The configuration file in detail
The following sample snapshot configuration file shows the standard commands and files used for creating a snapshot, but you can add more commands and files when additional diagnostic information is needed:
numOfParallelThreads: 10
excludeWords:
- password
nodeCommands:
- nodes:
- 10.200.0.3
- 10.200.0.4
commands:
- uptime
- df --all --inodes
- ip addr
- ip neigh
- iptables-save --counters
- mount
- ip route list table all
- top -bn1 || true
- docker info || true
- docker ps -a || true
- crictl ps -a || true
- docker ps -a | grep anthos-baremetal-haproxy | cut -d ' ' -f1 | head -n 1 | xargs
sudo docker logs || true
- docker ps -a | grep anthos-baremetal-keepalived | cut -d ' ' -f1 | head -n 1 |
xargs sudo docker logs || true
- crictl ps -a | grep anthos-baremetal-haproxy | cut -d ' ' -f1 | head -n 1 | xargs
sudo crictl logs || true
- crictl ps -a | grep anthos-baremetal-keepalived | cut -d ' ' -f1 | head -n 1 |
xargs sudo crictl logs || true
- ps -edF
- ps -eo pid,tid,ppid,class,rtprio,ni,pri,psr,pcpu,stat,wchan:14,comm,args,cgroup
- conntrack --count
- dmesg
- systemctl status -l docker || true
- journalctl --utc -u docker
- journalctl --utc -u docker-monitor.service
- systemctl status -l kubelet
- journalctl --utc -u kubelet
- journalctl --utc -u kubelet-monitor.service
- journalctl --utc --boot --dmesg
- journalctl --utc -u node-problem-detector
- systemctl status -l containerd || true
- journalctl --utc -u containerd
- systemctl status -l docker.haproxy || true
- journalctl --utc -u docker.haproxy
- systemctl status -l docker.keepalived || true
- journalctl --utc -u docker.keepalived
- systemctl status -l container.haproxy || true
- journalctl --utc -u container.haproxy
- systemctl status -l container.keepalived || true
- journalctl --utc -u container.keepalived
nodeFiles:
- nodes:
- 10.200.0.3
- 10.200.0.4
files:
- /proc/sys/fs/file-nr
- /proc/sys/net/netfilter/nf_conntrack_max
- /proc/sys/net/ipv4/conf/all/rp_filter
- /lib/systemd/system/kubelet.service
- /etc/systemd/system/kubelet.service.d/10-kubeadm.conf
- /lib/systemd/system/docker.service || true
- /etc/systemd/system/containerd.service || true
- /etc/docker/daemon.json || true
- /etc/containerd/config.toml || true
- /etc/systemd/system/container.keepalived.service || true
- /etc/systemd/system/container.haproxy.service || true
- /etc/systemd/system/docker.keepalived.service || true
- /etc/systemd/system/docker.haproxy.service || true
nodeSSHKey: ~/.ssh/id_rsa # path to your ssh key file
The following entries in your configuration file likely differ from the ones appearing in the sample configuration file above:
- The IP addresses of nodes in the
nodeCommands
andnodeFiles
sections - The path to your cluster's
nodeSSHKey
Fields in the configuration file
A snapshot configuration file is in YAML format.
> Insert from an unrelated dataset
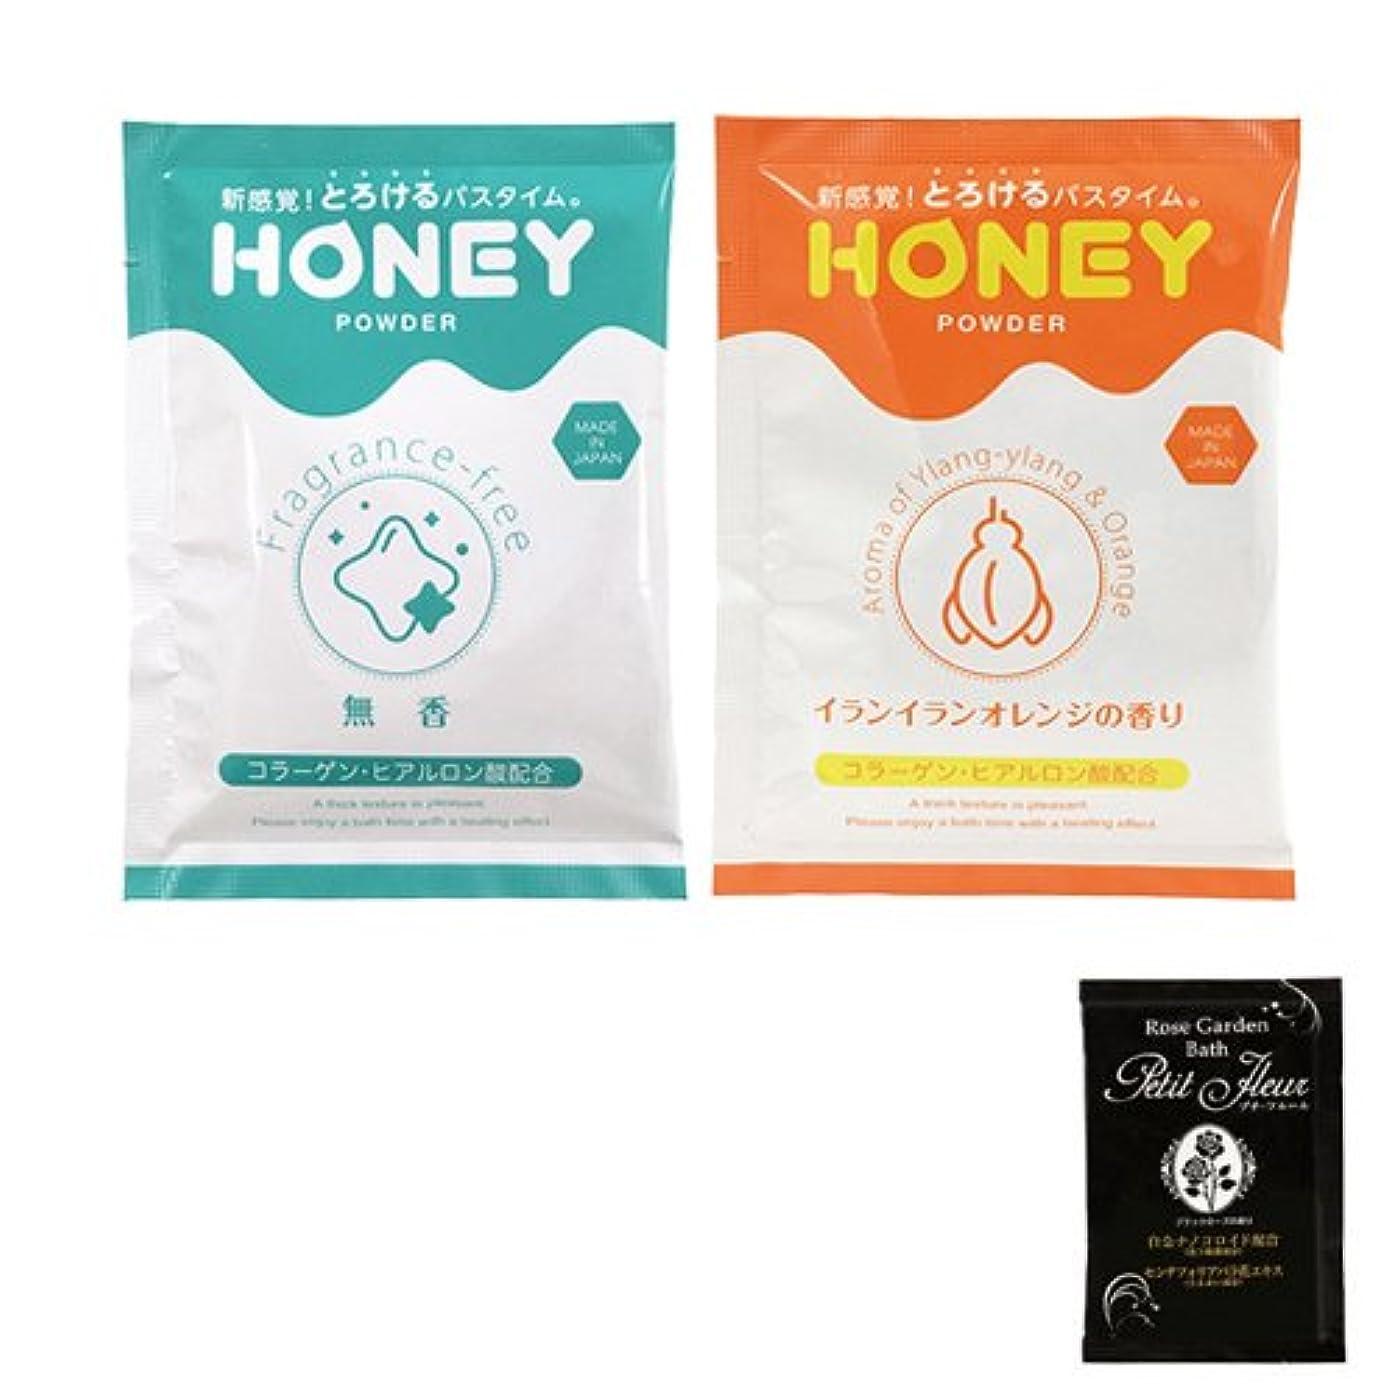 探検硬化するアソシエイトとろとろ入浴剤【honey powder】粉末タイプ イランイランオレンジの香り + 無香 + 入浴剤(プチフルール)1回分

The configuration file includes the following fields:
numOfParallelThreads
: the snapshot routine typically runs numerous commands. Multiple parallel threads help the routine execute faster. We recommend that you setnumOfParallelThreads
to10
as shown in the preceding sample configuration file. If your snapshots take too long, increase this value.excludeWords
: the snapshot contains a large quantity of data for your cluster nodes. UseexcludeWords
to reduce security risks when you share your snapshot. For example, excludepassword
so that corresponding password strings can't be identified.nodeCommands
: this section specifies the following information:nodes
: a list of IP addresses for the cluster nodes from which you want to collect information. To create a snapshot when the admin cluster is not reachable, specify at least one node IP address.commands
: a list of commands (and arguments) to run on each node. The output of each command is included in the snapshot.
nodeFiles
: this section specifies the following information:nodes
: a list of IP addresses of cluster nodes from which you want to collect files. To create a snapshot when the admin cluster is not reachable, specify at least one node IP address.files
: a list of files to retrieve from each node. When the specified files are found on a node, they are included in the snapshot.
nodeSSHKey
: path to your SSH key file. When the admin cluster is unreachable, this field is required.
Creating snapshots when experiencing particular errors
How to create a default snapshot during stalled installs or upgrades
When installing or upgrading admin, hybrid, or standalone clusters, bmctl
can
sometimes stall at points in which the following outputs can be seen:
- Waiting for cluster kubeconfig to become ready.
- Waiting for cluster to become ready.
- Waiting for node pools to become ready.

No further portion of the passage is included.